This seems to be two separate proposals: 1) Add a new way to create and specify executor 2) Add a SerialExecutor, which does not use threads or processes So, I'll respond to each one separately. *Add a new way to create and specify executor* Jonathan Crall wrote:
The library's ThreadPoolExecutor and ProcessPoolExecutor are excellent tools, but there is currently no mechanism for configuring which type of executor you want.
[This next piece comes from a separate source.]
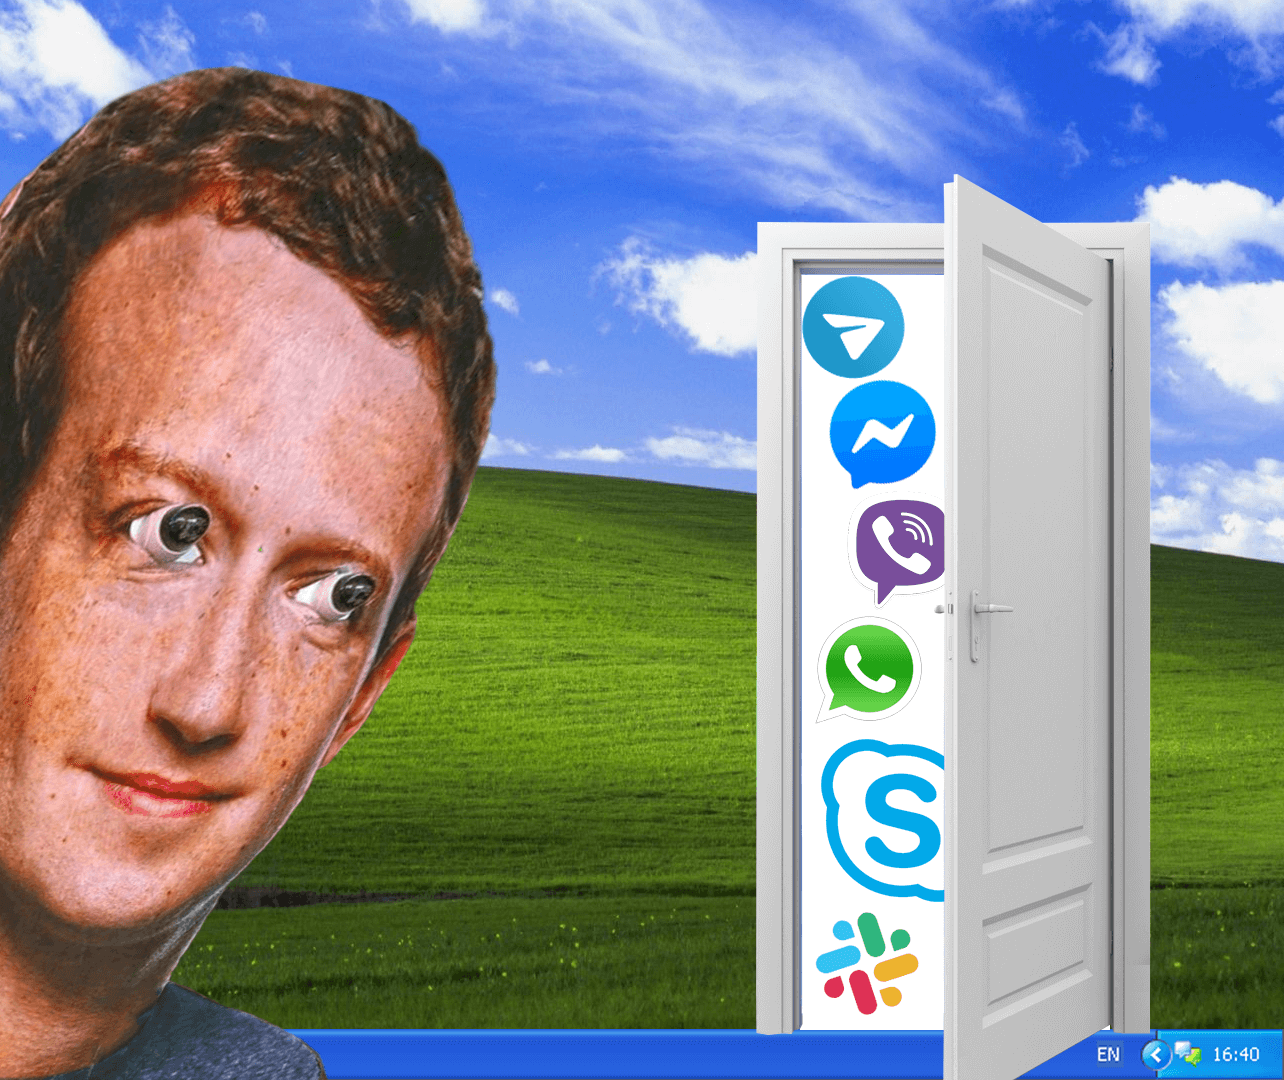 Zuckerberg and messengers

The mechanism of configuring the executor type is by instantiating the type of executor you want to use. For IO-bound parallelism you use ``cf.ThreadPoolExecutor()`` or for CPU-bound parallelism you use ``cf.ProcessPoolExecutor()``. So I'm not sure that it would be practically beneficial to provide multiple ways to configure the type of executor to use. That seems to go against the philosophy of preferring "one obvious way to do it" [1]. I think there's a very reasonable argument for using a ``cf.Executor.create()`` or ``cf.create_executor()`` that works as a factory to initialize and return an executor class based on parameters that are passed to it, but to me, that seems better suited for a different library/alternative interface. I guess that I just don't see a practical benefit in having both means of specifying the type of executor for concurrent.futures in the standard library, both from a development maintenance perspective and feature bloat. If a user wants to be able to specify the executor used in this manner, it's rather trivial to implement it in a few lines of code without having to access any private members; which to me seems to indicate that there's not a whole lot of value in adding it to the standard library. That being said, if there are others that would like to use an alternative interface for concurrent.futures, it could very well be uploaded as a small package on PyPI. I just personally don't think it has a place in the existing concurrent.futures module. [1] - One could say that context managers provide an alternative means of creating and using the executors, but context managers provide a significant added value in the form of resource cleanup. To me, there doesn't seem to be much real added value in being able to both use the existing``executor = cf.ThreadPoolExecutor()`` and a new ``executor = cf.create_executor(mode="thread")`` / ``executor = cf.Executor.create(mode="thread")``. *Add a SerialExecutor, which does not use threads or processes* Andrew Barnert wrote:
e.g., in C++, you only use executors via the std::async function, and you can just pass a launch option instead of an executor to run synchronously
In the case of C++'s std::async though, it still launches a thread to run the function within, no? This doesn't require the user to explicitly create or interact with the thread in any way, but that seems to go against what OP was looking for: Jonathan Crall wrote:
Often times a develop will want to run a task in parallel, but depending on the environment they may want to disable threading or process execution.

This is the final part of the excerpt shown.